Visual Servoing Platform  version 3.3.0 under development (2020-02-17)
Tutorial: Object detection and localization

Introduction

This tutorial will show you how to use keypoints to detect and estimate the pose of a known object using his cad model. The first step consists in detecting and learning keypoints located on the faces of an object, while the second step makes the matching between the detected keypoints in the query image with those previously learned. The pair of matches are then used to estimate the pose of the object with the knowledge of the correspondences between the 2D and 3D coordinates.

The next section presents a basic example of the detection of a teabox with a detailed description of the different steps.

Note that all the material (source code and video) described in this tutorial is part of ViSP source code and could be downloaded using the following command:

$ svn export https://github.com/lagadic/visp.git/trunk/tutorial/detection/object

Object detection using keypoints

Preamble

You are advised to read the following tutorials Tutorial: Markerless generic model-based tracking using a color camera and Tutorial: Keypoints matching if you are not aware of these concepts.

Principle of object detection using keypoints

A quick overview of the principle is summed-up in the following diagrams.

img-learning-step.jpeg
Learning step.

The first part of the process consists in learning the characteristics of the considered object by extracting the keypoints detected on the different faces.

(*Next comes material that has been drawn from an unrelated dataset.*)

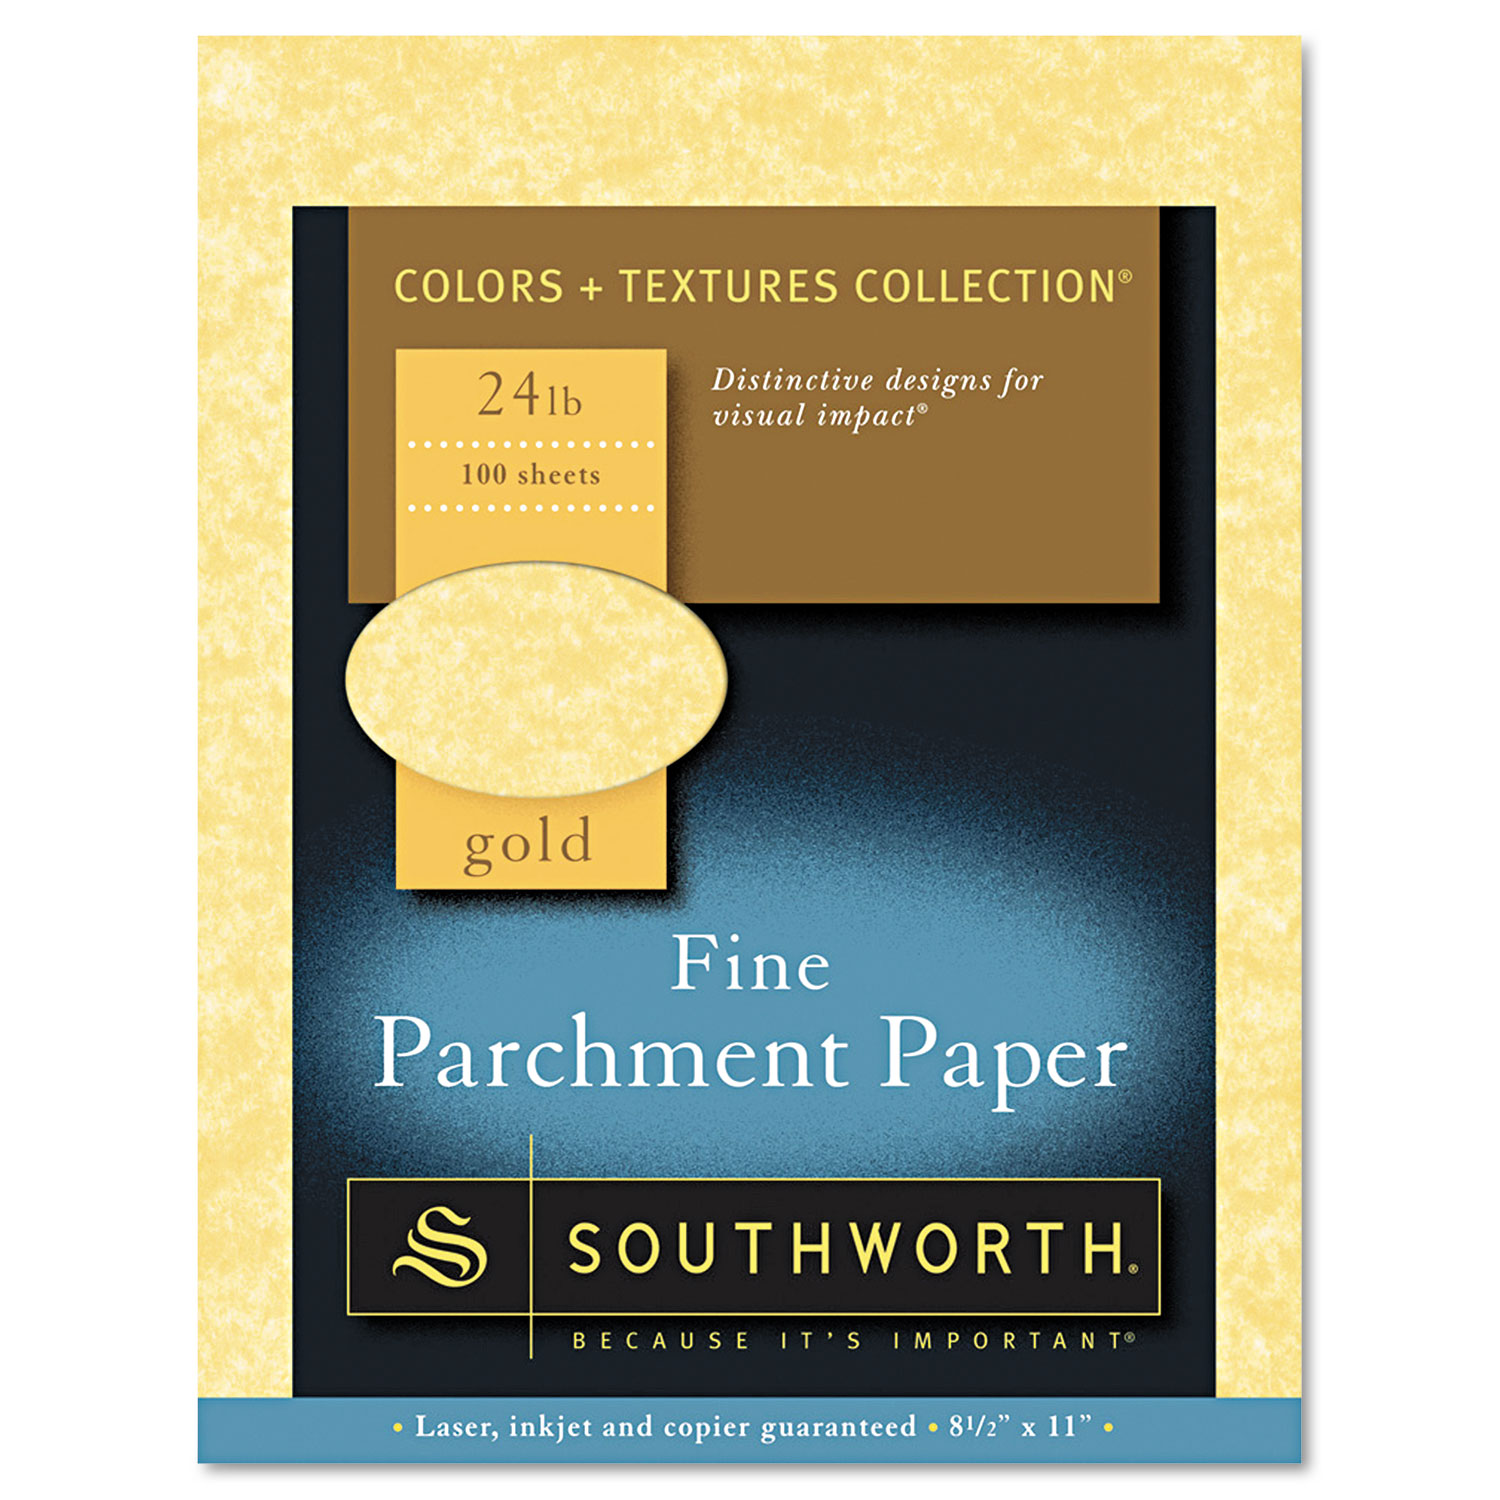 Southworth Parchment Ivory 24 lb Paper 100 Sheets
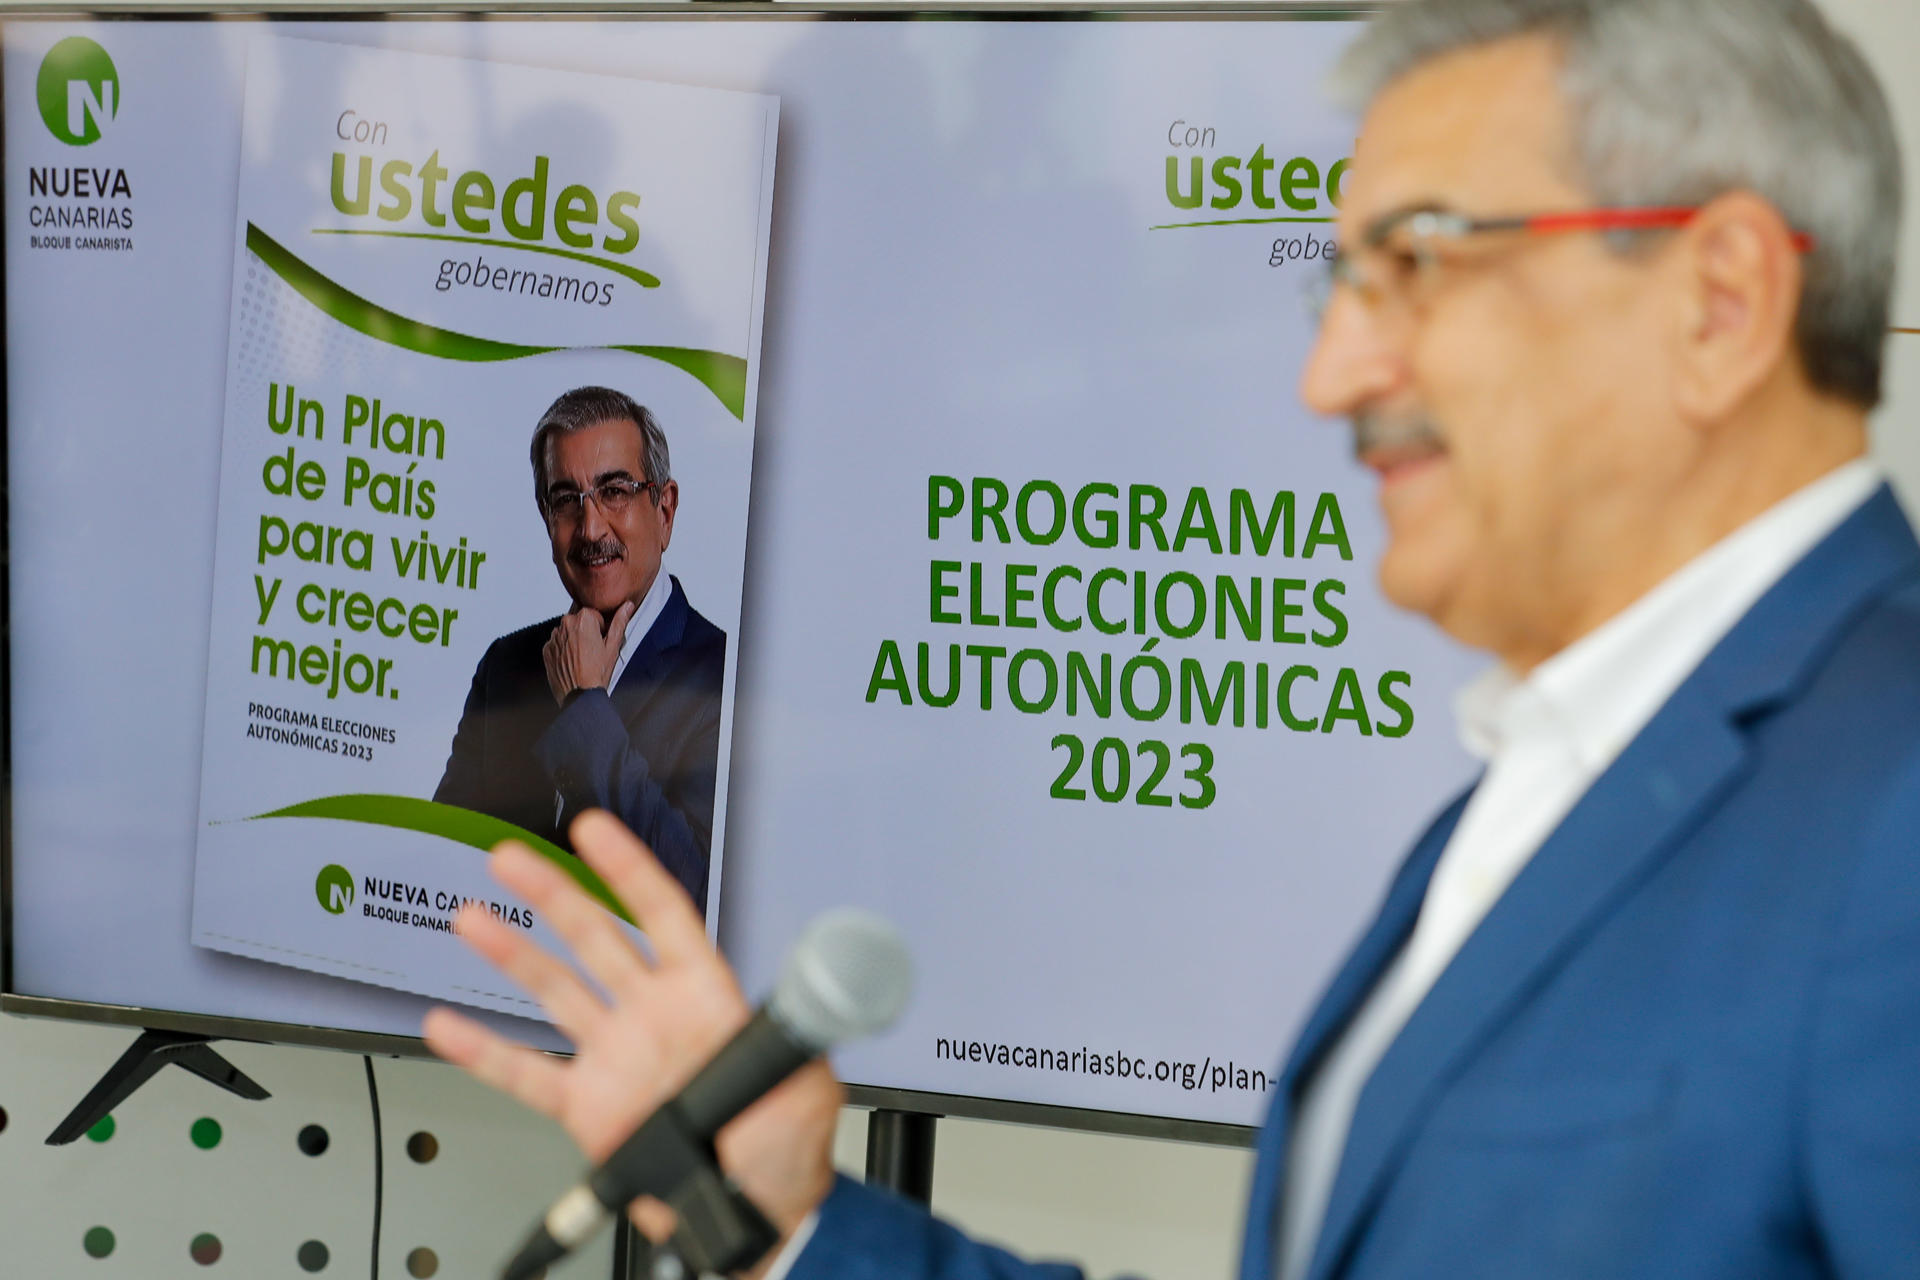 El candidato de Nueva Canarias a presidente del Gobierno, Román Rodríguez, ha presentado este viernes su programa electoral, denominado "Un plan de país para vivir y crecer mejor". EFE/ Elvira Urquijo A.

We use here the model-based tracker initialized given a known initial pose to have access to the cad model of the object. The cad model is then used to select only keypoints on faces that are visible and to calculate the 3D coordinates of keypoints.

Note
The calculation of the 3D coordinates of a keypoint is based on a planar location hypothesis. We assume that the keypoint is located on a planar face and the Z-coordinate is retrieved according to the proportional relation between the plane equation expressed in the normalized camera frame (derived from the image coordinate) and the same plane equation expressed in the camera frame, thanks to the known pose of the object.

In this example the learned data (the list of 3D coordinates and the corresponding descriptors) are saved in a file and will be used later in the detection part.

img-detection-step.jpeg
Detection step.

In a query image where we want to detect the object, we find the matches between the keypoints detected in the current image with those previously learned. The estimation of the pose of the object can then be computed with the 3D/2D information.

The next section presents an example of the detection and the pose estimation of a teabox.

Teabox detection and pose estimation

The following video shows the resulting detection and localization of a teabox that is learned on the first image of the video.

The corresponding code is available in tutorial-detection-object-mbt.cpp. It contains the different steps to learn the teabox object on one image (the first image of the video) and then detect and get the pose of the teabox in the rest of the video.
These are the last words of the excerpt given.